WORK REQUEST:
In your copy, each line below is repeated exactly and no image appears.

==== PROVIDED DATA ====

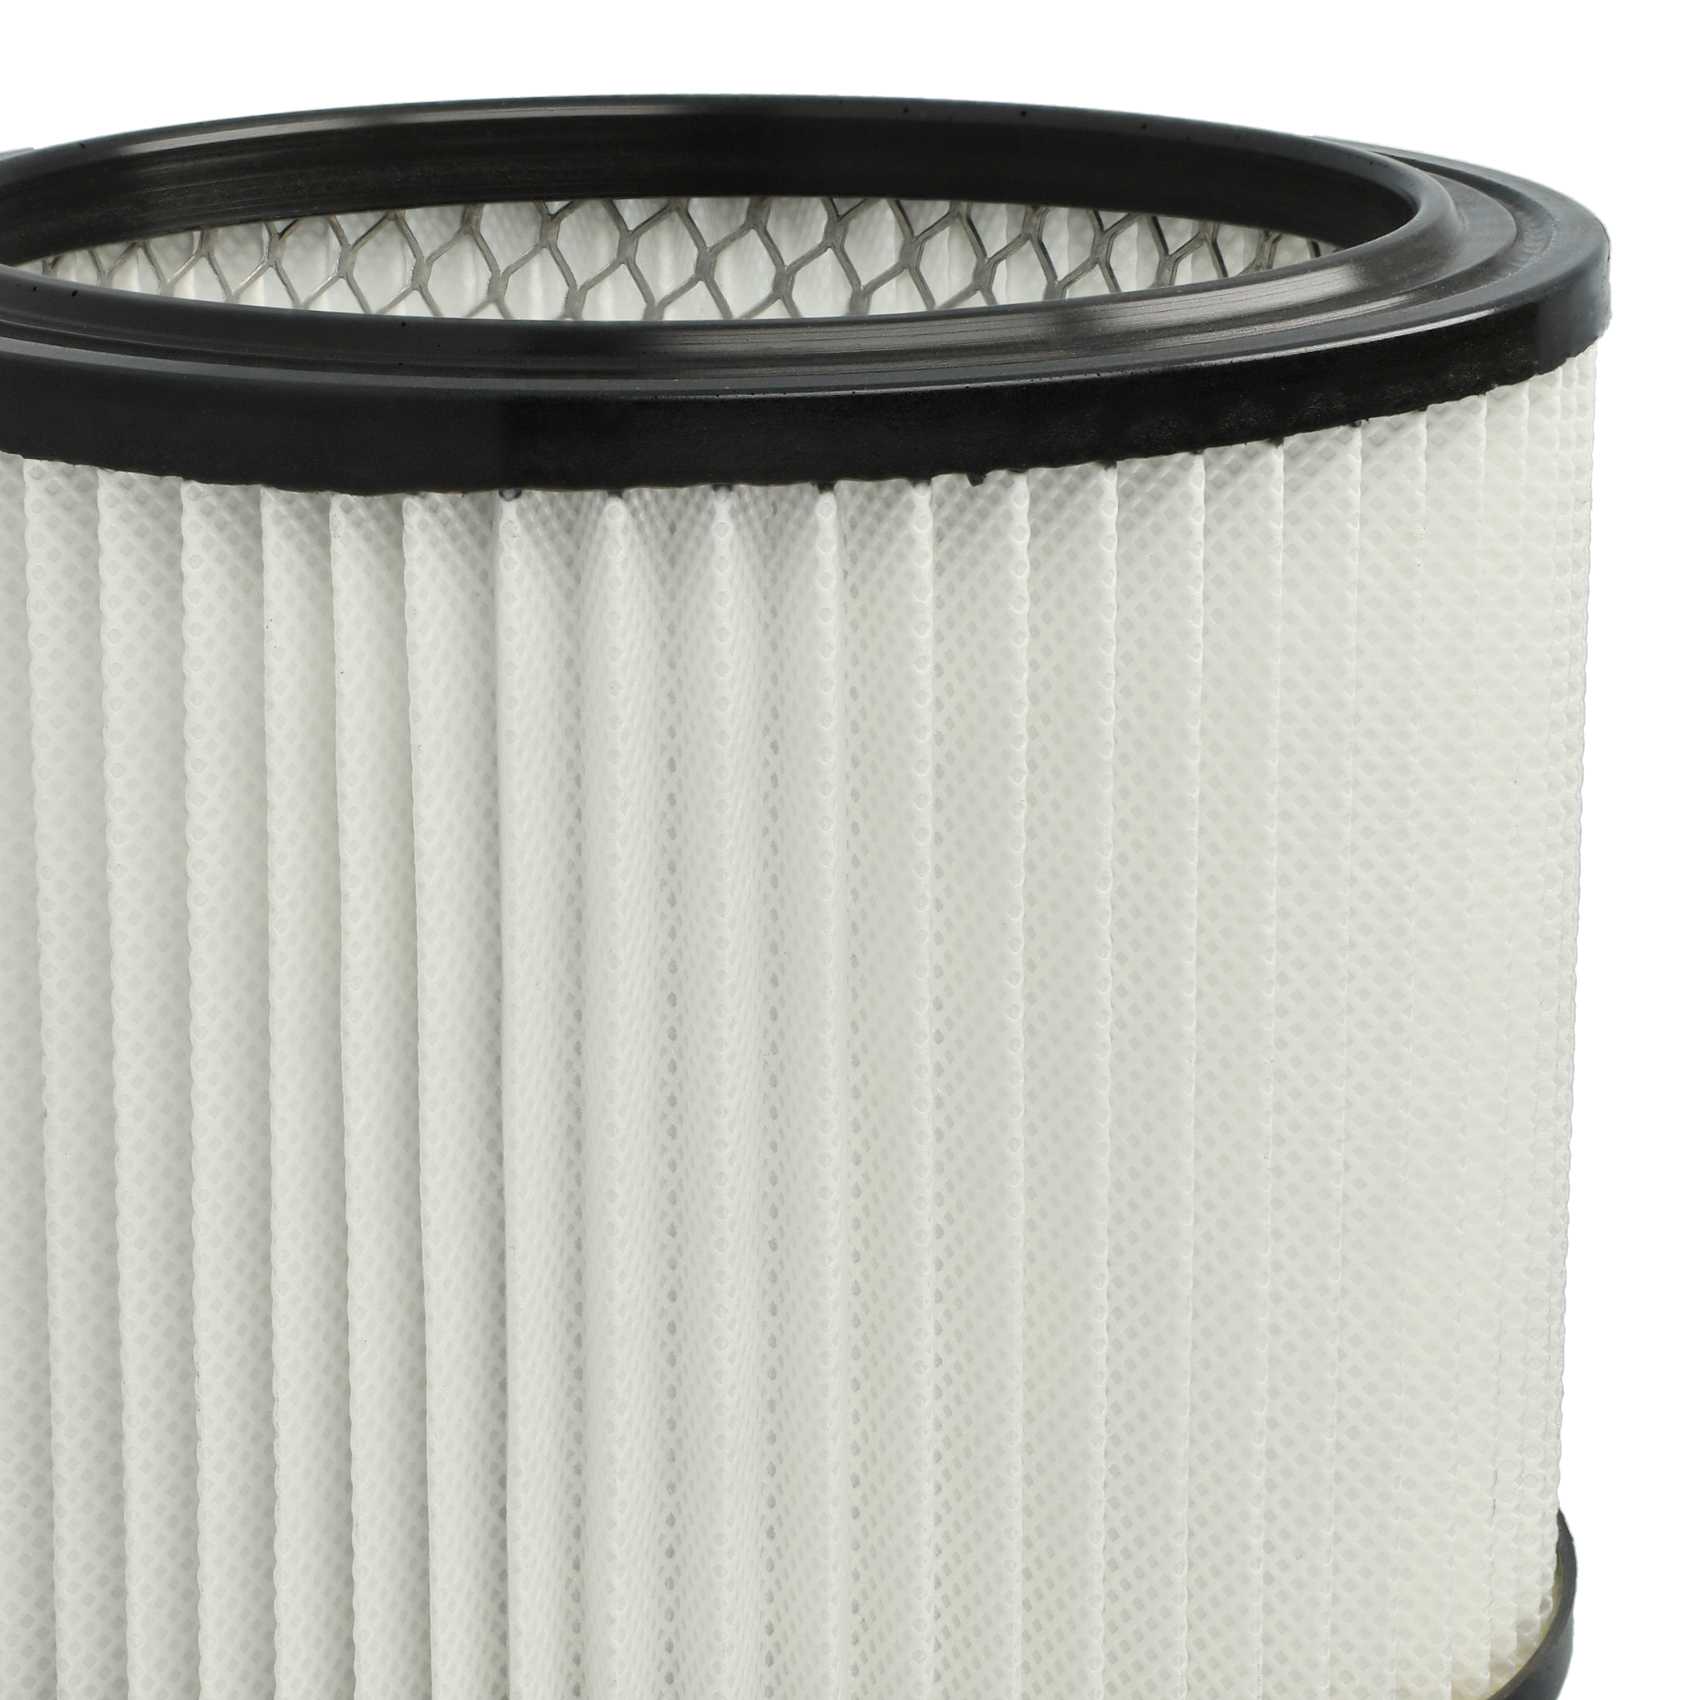 3x Filtres remplace Scheppach 7907702716 pour aspirateur - filtre HEPA
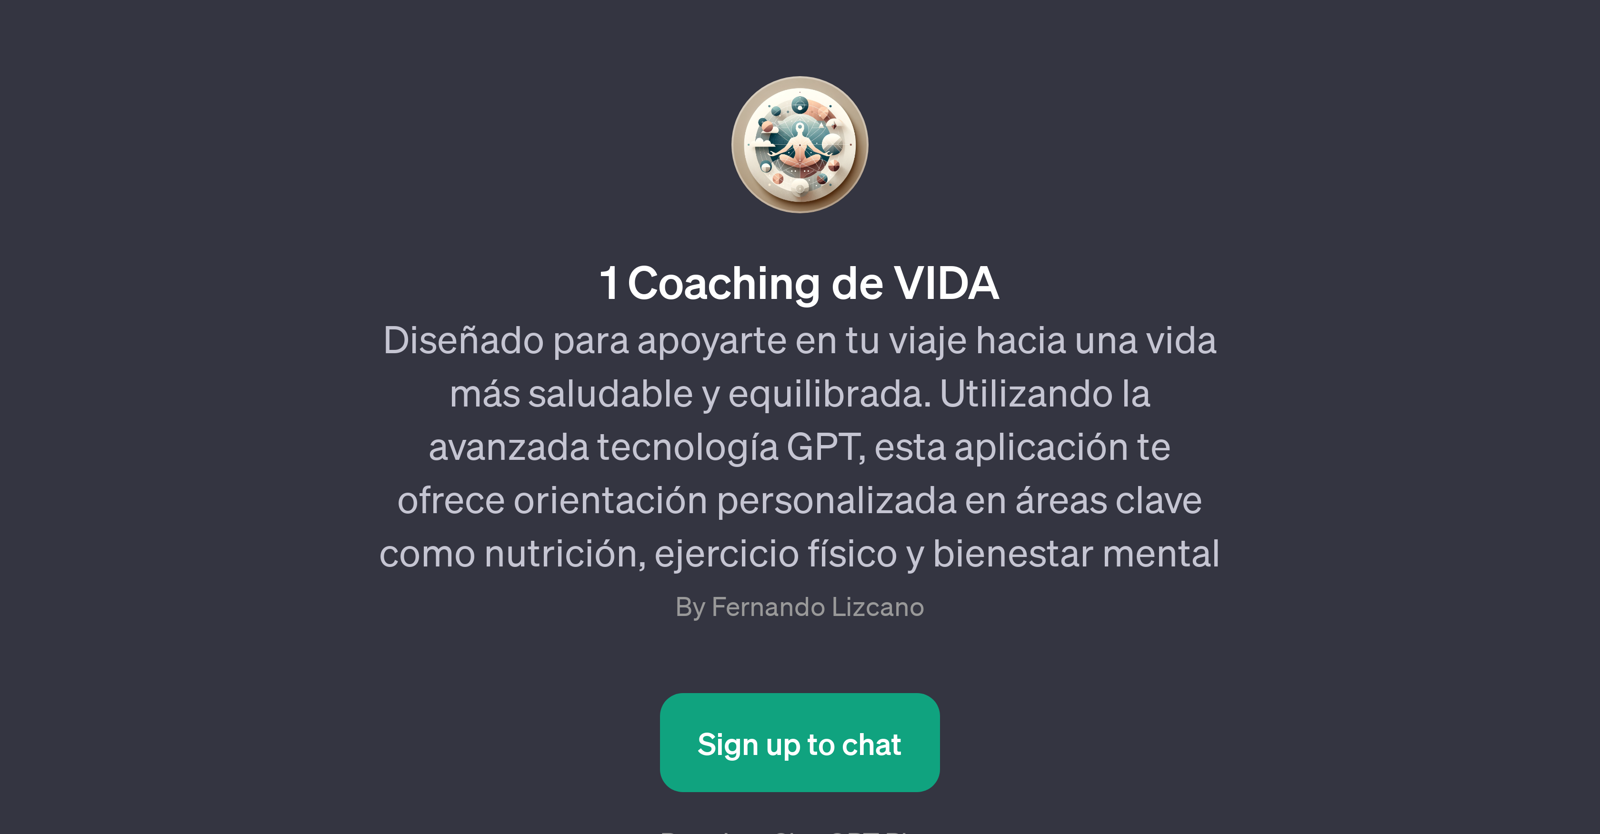 1 Coaching de VIDA website
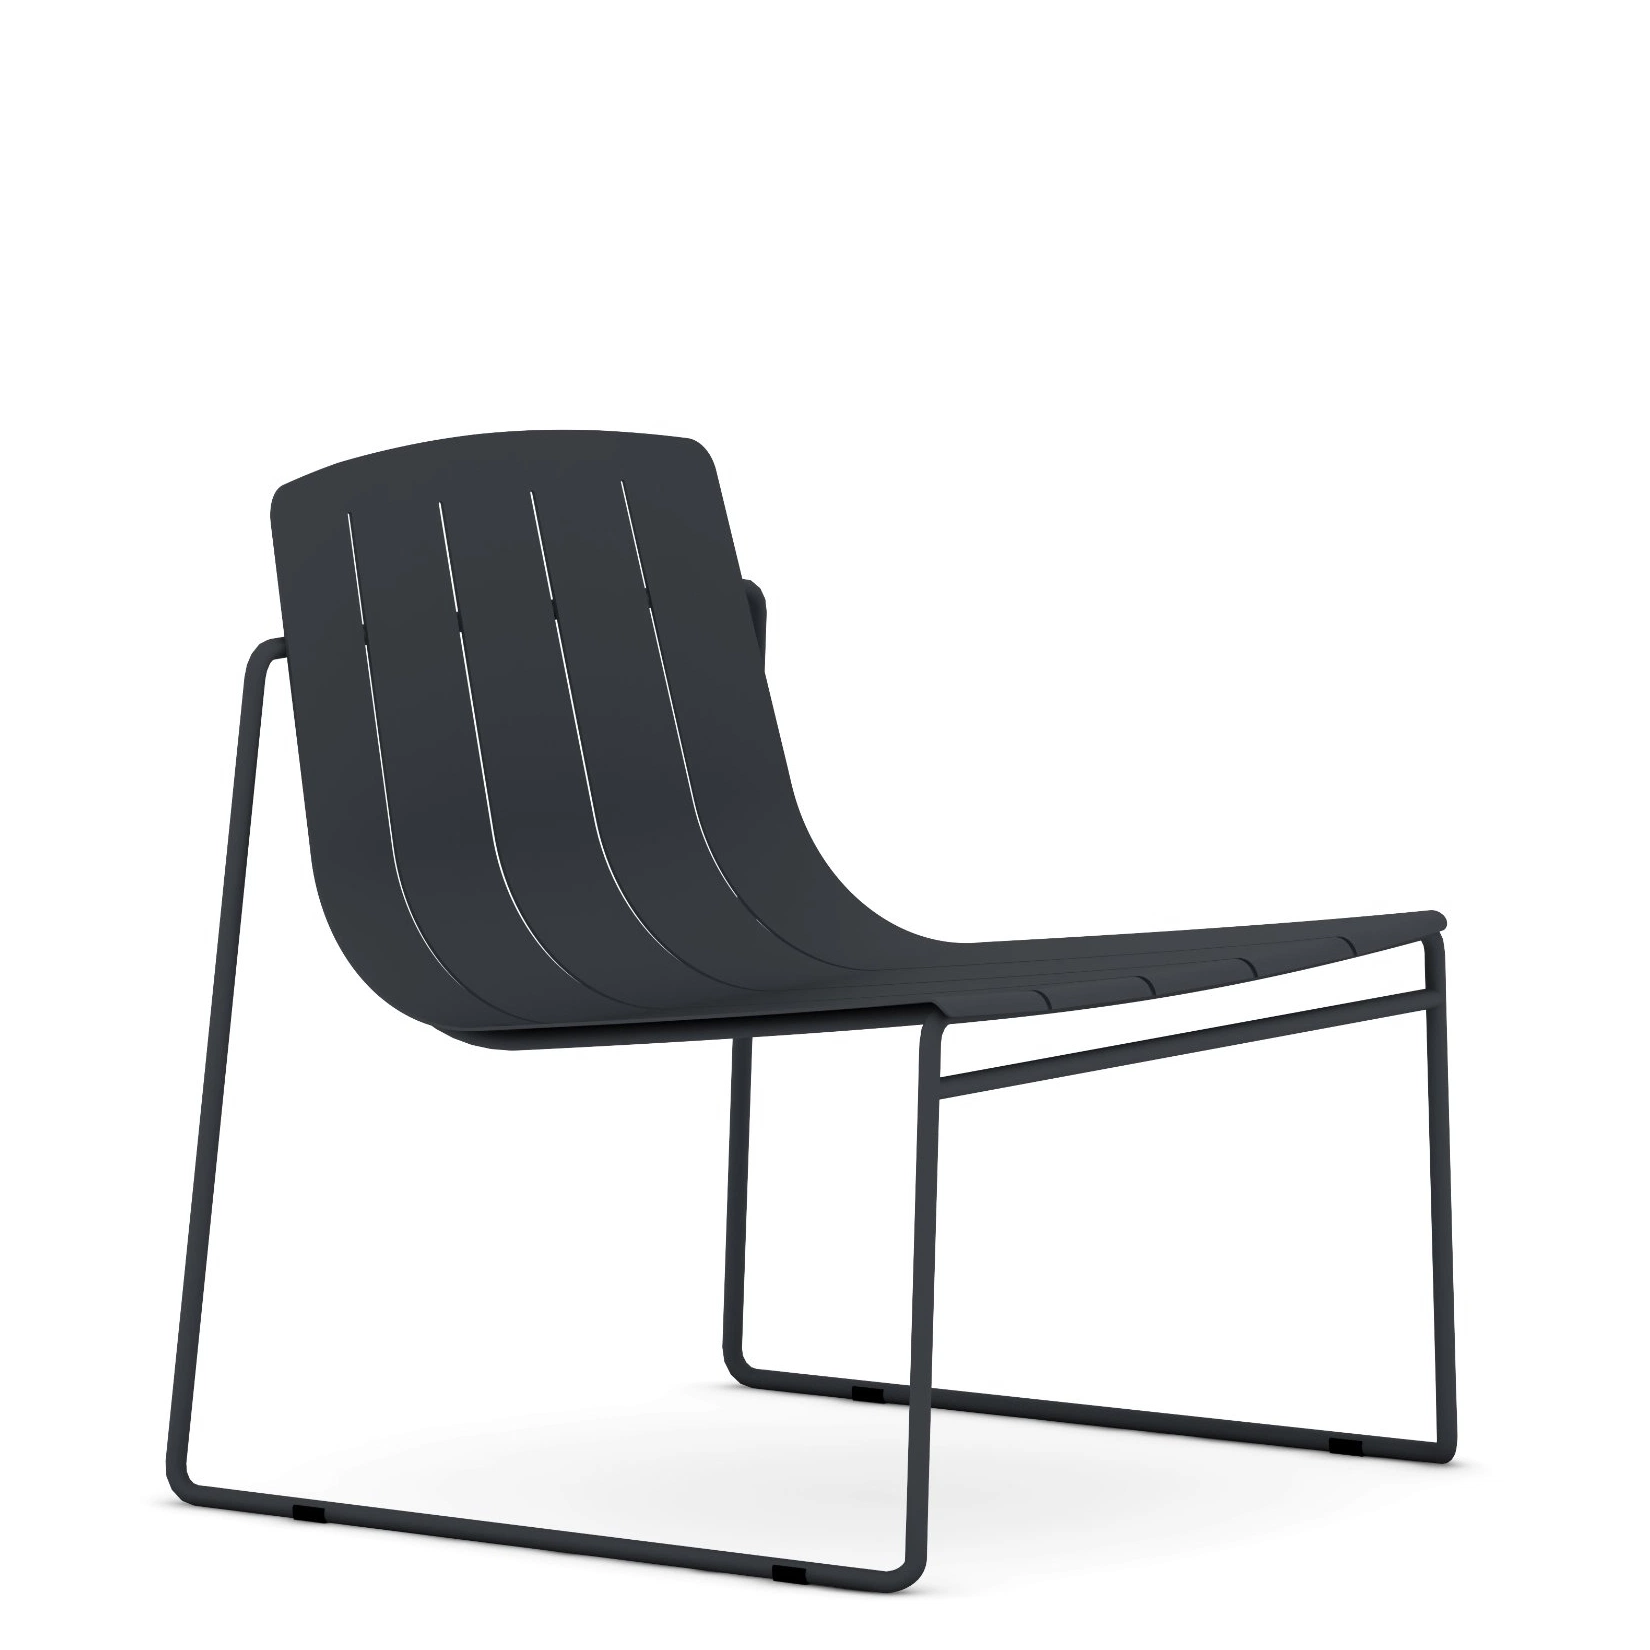 Sunlink Dasia Aluminium Chaise longue de jardin moderne pour la maison en plein air empilable, couleur noire.

====

ANSWER TO THIS EXERCISE:
 3x Filtres remplace Scheppach 7907702716 pour aspirateur - filtre HEPA
 1 Coaching de VIDA website
 Sunlink Dasia Aluminium Chaise longue de jardin moderne pour la maison en plein air empilable, couleur noire.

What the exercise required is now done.